Figure 1: Map of the Santa Barbara Channel. The blue box outlines the following coordinates 33.85°- 34.59°N, 118.80°- 120.65°W

Nutrient observations taken on different temporal scales were aggregated to year and quarter (Quarter 1 = Jan - Mar, Quarter 2 = Apr - Jun, Quarter 3 = Jul - Sep, Quarter 4 = Oct - Dec). Where the same point was sampled more than once in one quarter the mean of the values was reported for that point in that year and quarter. All nutrient data set files were then combined by stacking the rows of each data set together for CSV export. Additionally nutrient observations were converted from point format to raster format at a resolution of 0.008° by assigning the value at that point to the grid cell it intersects for continuity with other data sets.

Data on kelp area and kelp biomass were extracted from a netCDF file and assembled into a data frame.

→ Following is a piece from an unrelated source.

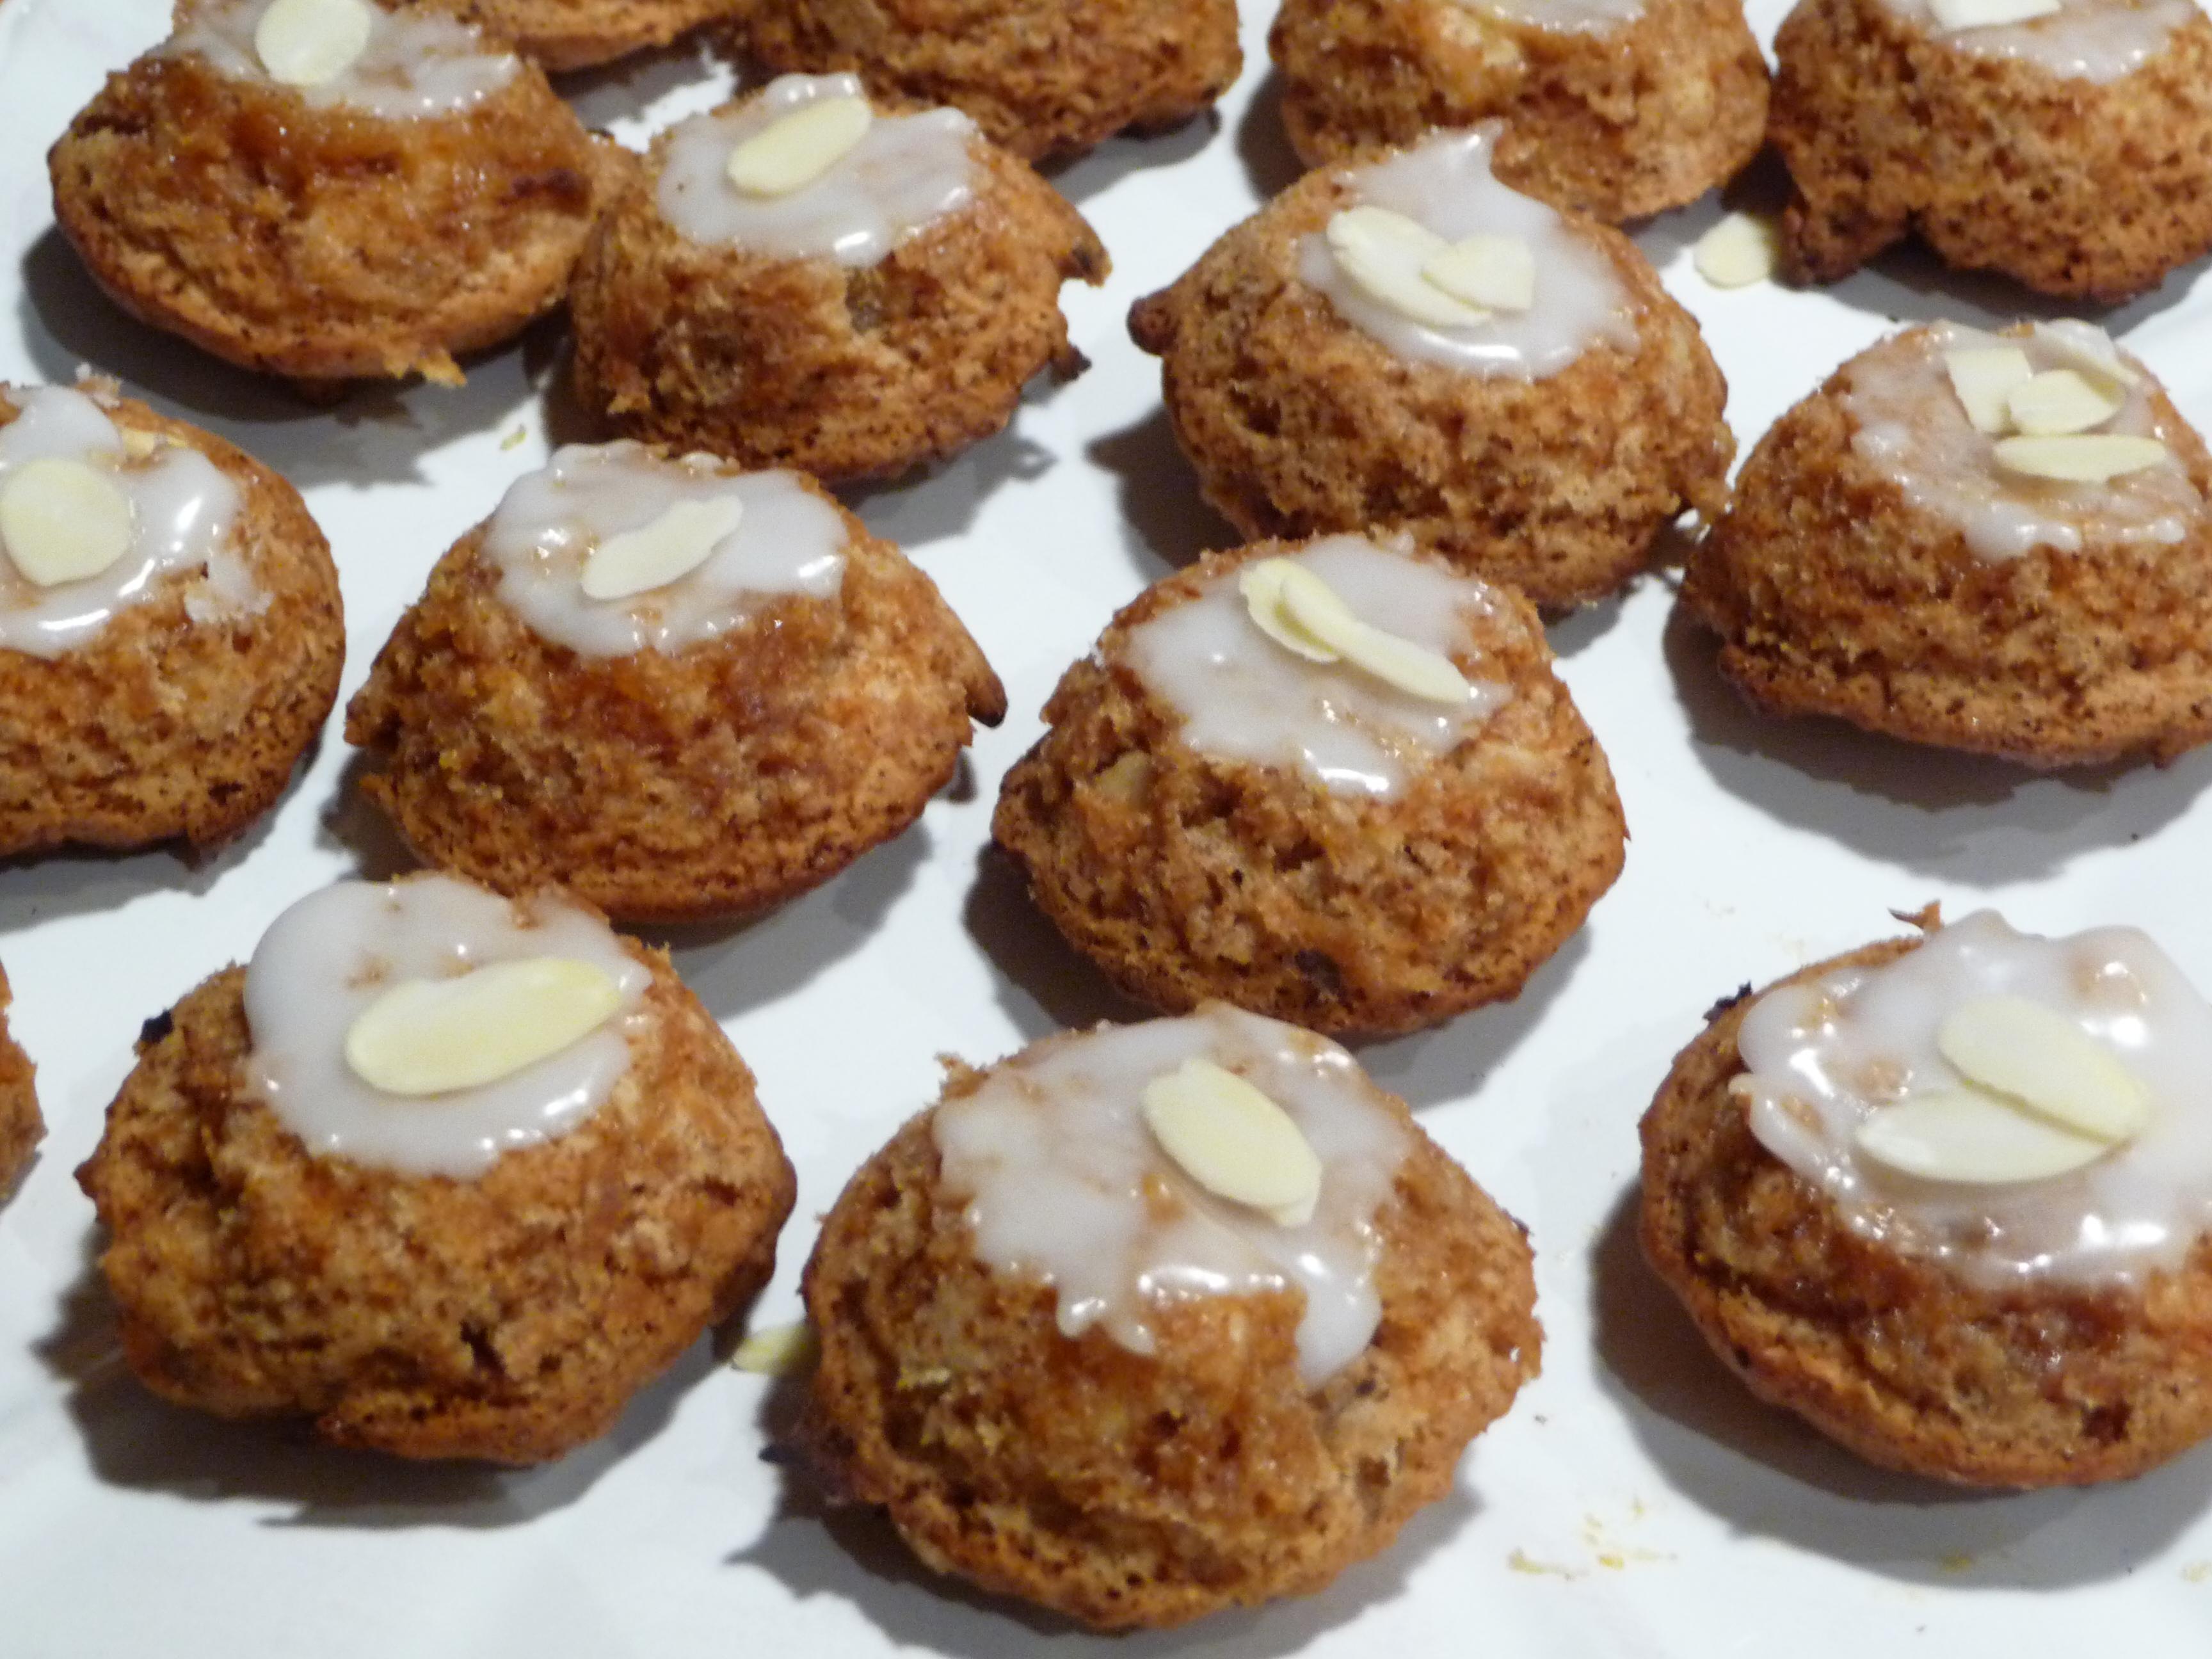 Encore un avant gout de Noël : leckerli, gâteau suisse aux épices, miel et amandes dans 5.Gourmandises sucrées p1010247

This data frame was then converted into two rasterStacks. Values within these rasterStacks were aggregated by sum from the original resolution of 30 m to roughly the desired resolution and then resampled to the exact resolution of 0.008° (approximately 1 km). The original temporal resolution was year and quarter and was not changed. Depth estimates as of 2022 were resampled from 15 arcsecond resolution to 0.008°. SST data were aggregated from daily estimates to year and quarter by taking the mean of all daily estimates that were within the quarter for each grid cell and resampled to 0.008° resolution using the nearest neighbor method. The combined nutrient point observations were intersected with the kelp area, kelp biomass, depth, and SST rasters to estimate values for these variables at each point and exported in CSV format.

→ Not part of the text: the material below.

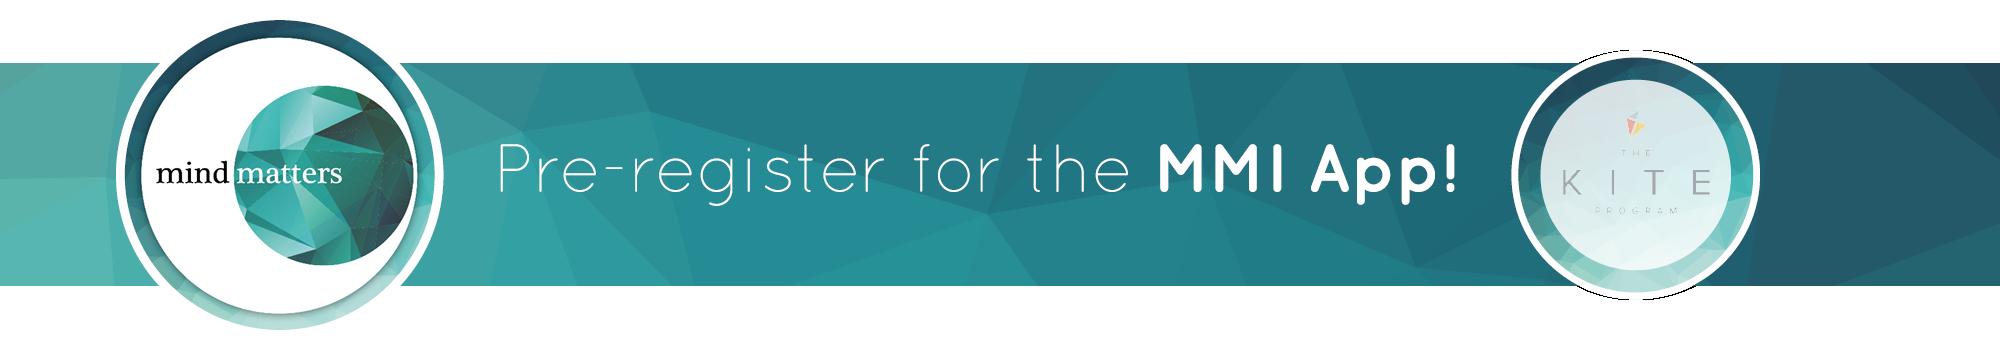 Pre-register for the MMI App

Point observations of nutrients were interpolated using inverse distance weighting with an inverse distance power of 1. Measurements of nitrate and nitrite were combined by summing to create total nitrogen measurement. Points were aggregated over all years by quarter to maximize the number of observations available to estimate the nutrient concentration. This assumes that nutrient concentrations in the same location in different years would be roughly the same, and is a notable limitation of this method. For phosphate and nitrogen the maximum distance a cell could be from a data point and still have a value estimated (hereafter referred to as the maximum distance parameter) was set to 0.008° (approx. 10 km) (Brzezinksi et al., 2013; Peters et al., 2019). The maximum distance parameter for ammonium was set to 0.04° because it is more spatially variable than phosphate and nitrogen (Brzezinksi et al., 2013; Peters et al., 2019). Values were estimated for cells within 5 km (Fig. 2) of the Santa Barbara coastline at a resolution of 1 km, however the estimate could be based on point values that were further away, up to the maximum distance parameter set for the nutrient being estimated.

Figure 2: Map of Interpolation Area. Interpolation was done within 5 km of the Santa Barbara Coast. The interpolated area is shown in green.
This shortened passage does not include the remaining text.